Reducing the cost of launching a space vehicle is one of the vital requirements of the space industry. Reducing the cost of delivering a pound of payload into space by an order of magnitude is one of NASAs main objectives. The space vehicle's thermal protection system (TPS) is one of the most expensive and critical systems of the vehicle. The TPS protects the vehicle structure traveling at hypersonic speeds through a planetary atmosphere from damage due to aerodynamic heating. It occupies huge acreage on vehicle exteriors and accounts for a significant part of the launch weight.
Apollo Command Module (Source: http://images.jsc.nasa.gov/lores/S68-55292.jpg)
One potential way of saving weight is to have a load-bearing TPS that performs some structural functions. One such concept called the Integrated Thermal Protection System (ITPS).
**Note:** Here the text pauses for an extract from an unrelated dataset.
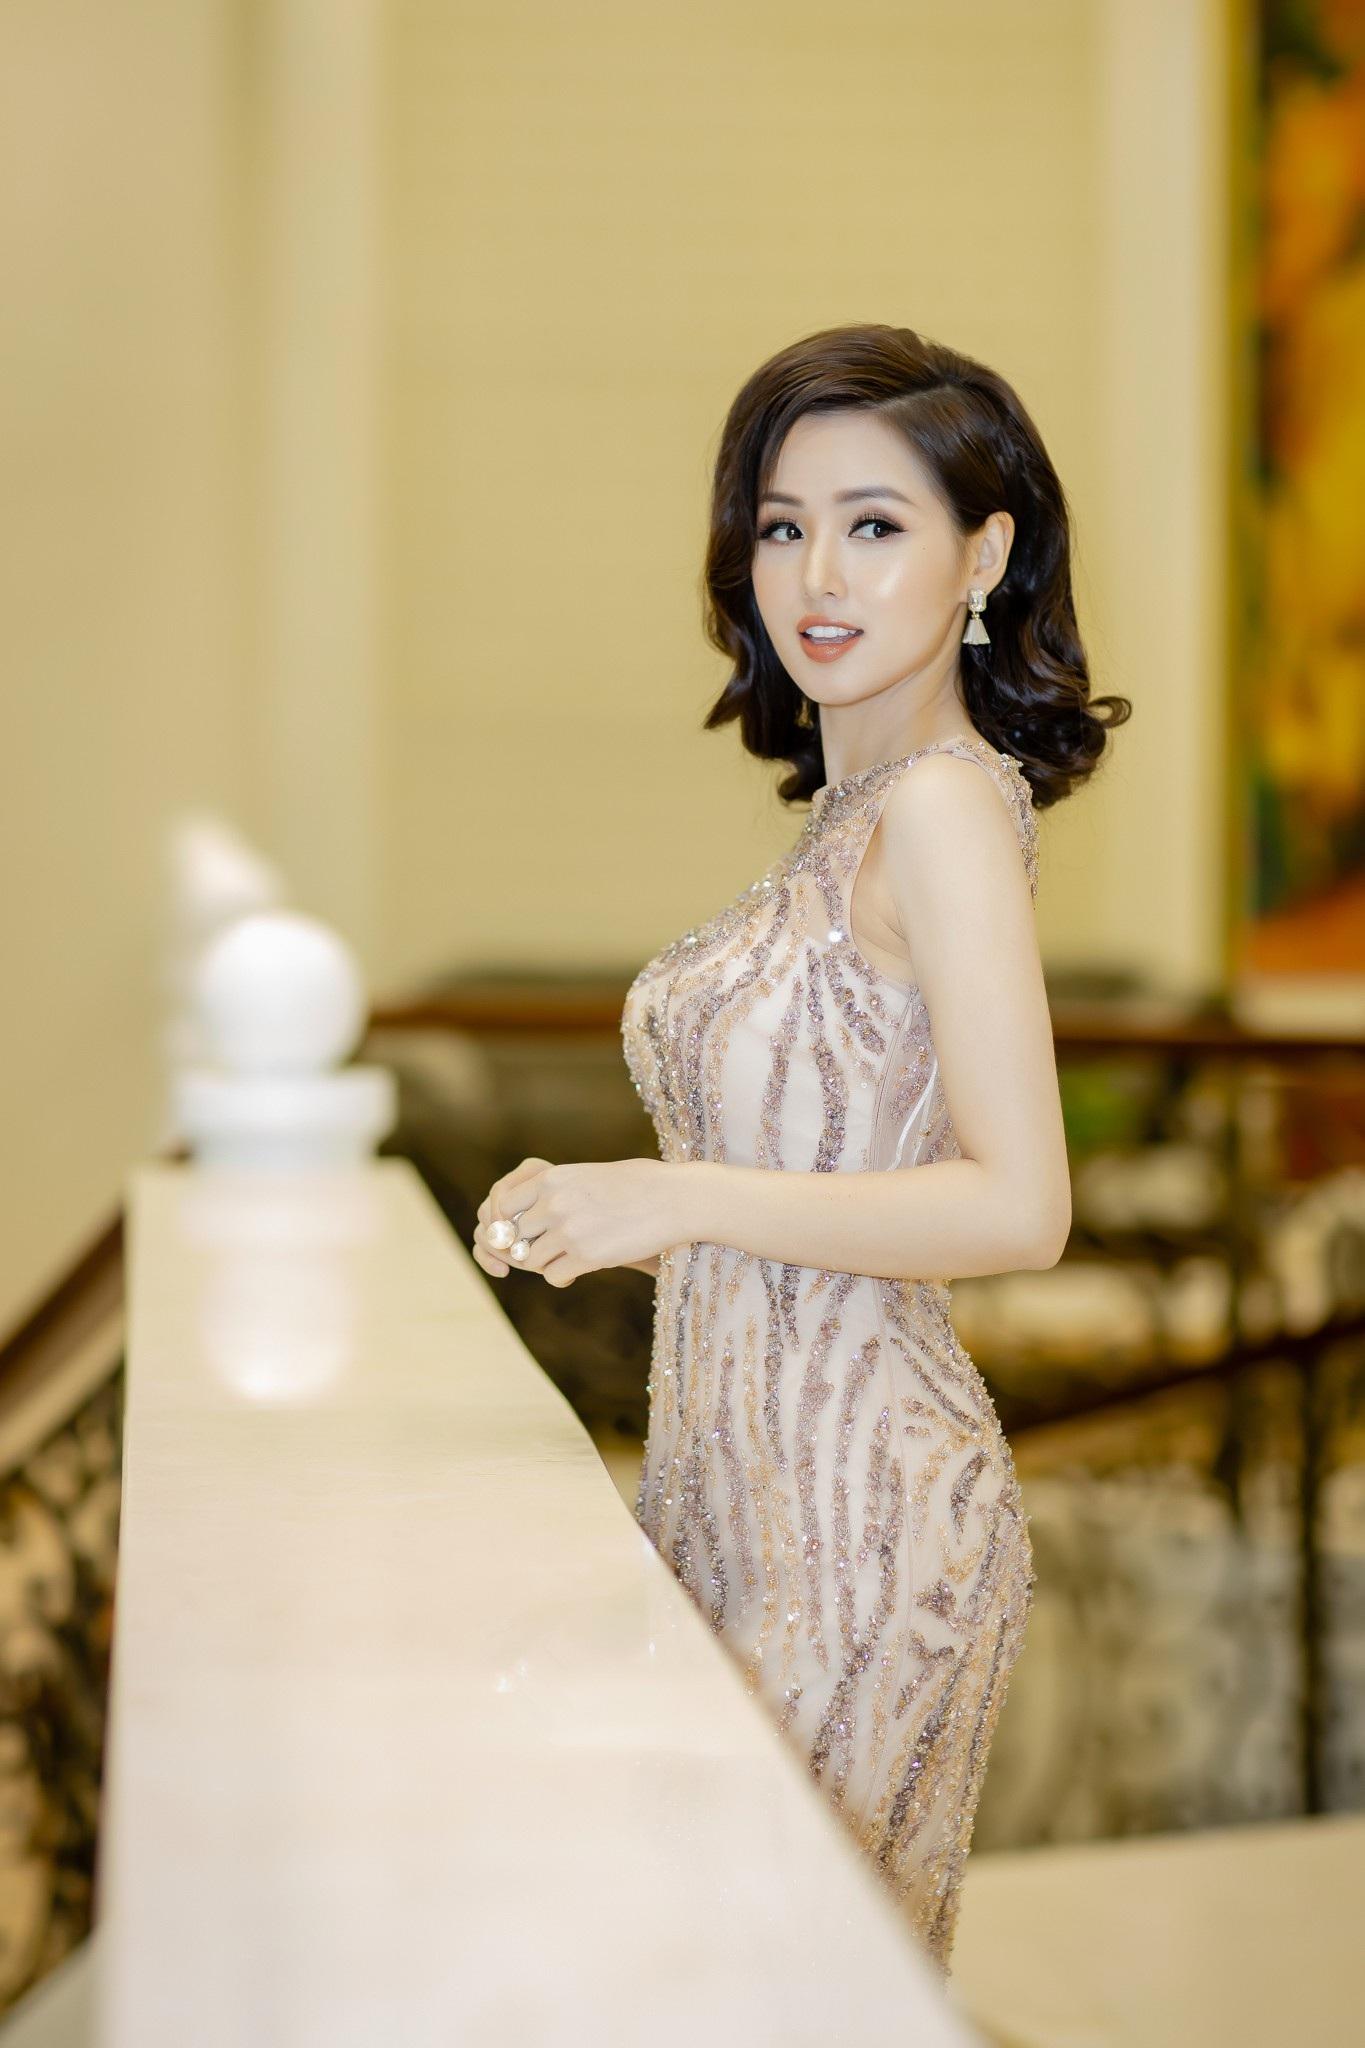 Cuộc sống sung túc, hot girl Tâm Tít sang chảnh không kém Hoa hậu Mai Phương Thuý - Ảnh 1.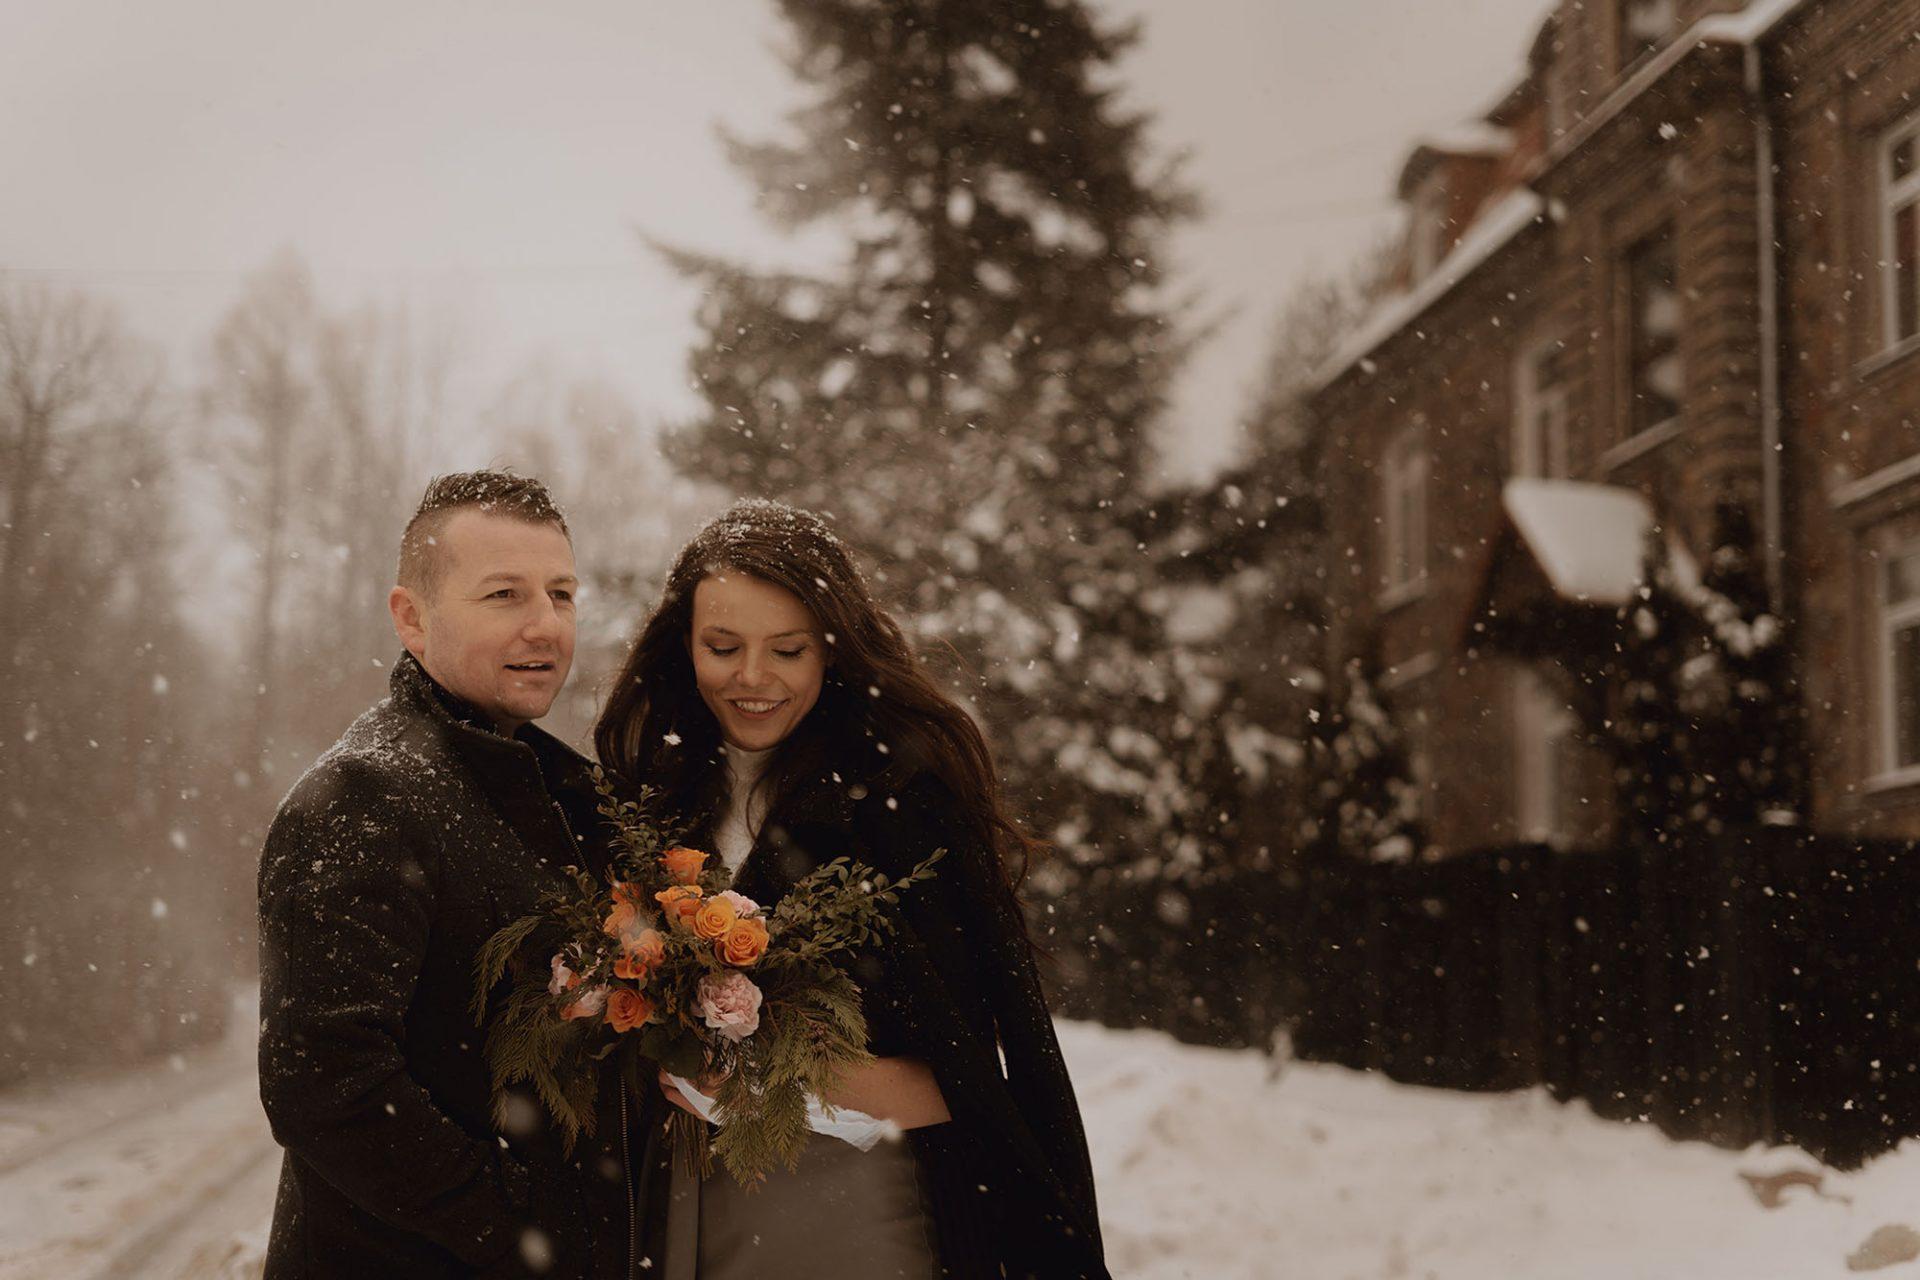 zimowa sesja dla pary00005 1920x1280 - Miłość

Integrated Thermal Protection System (ITPS) uses a corrugated-core sandwich structure. A sandwich panel is a three layer element composed of two thin flat faces separated by a thick, lighter, and flexible core. The thin flat faces are high in stiffness when compared to the low average stiffness of the thick core. Sandwich constructions are frequently used because of their high bending stiffness to weight ratio. The corrugated core keeps the face sheets apart and stabilizes them by resisting vertical deformations, transverse shear strains, curvature in the longitudinal direction, and enables the structure to acts as a single thick plate. Empty spaces in between the webs can be packed with insulation material (e.g., SAFFIL) to block the internal radiation coming from the top face sheet. It is expected that by suitably designing the corrugated-core sandwich structure, a robust, operable, weight-efficient, load-bearing TPS can be developed.
Corrugated-core Sandwich Structure concept for Integrated Thermal Protection System (ITPS)
3D High-Fidelity Model:
One fourth of the ITPS panel containing half the total number of unit cells is modeled using the ABAQUS finite element (FE) software. Thermal and pressure load is applied and linear stress analysis is done on the 3D model. The procedure used finite element analyses to construct response surface approximations (RSA) of the critical constraints. The RSAs obtained were of high fidelity; however they required large computational time. This cost is expected to increase by at least an order of magnitude when uncertainties are taken into account and added as additional variables for obtaining a robust design.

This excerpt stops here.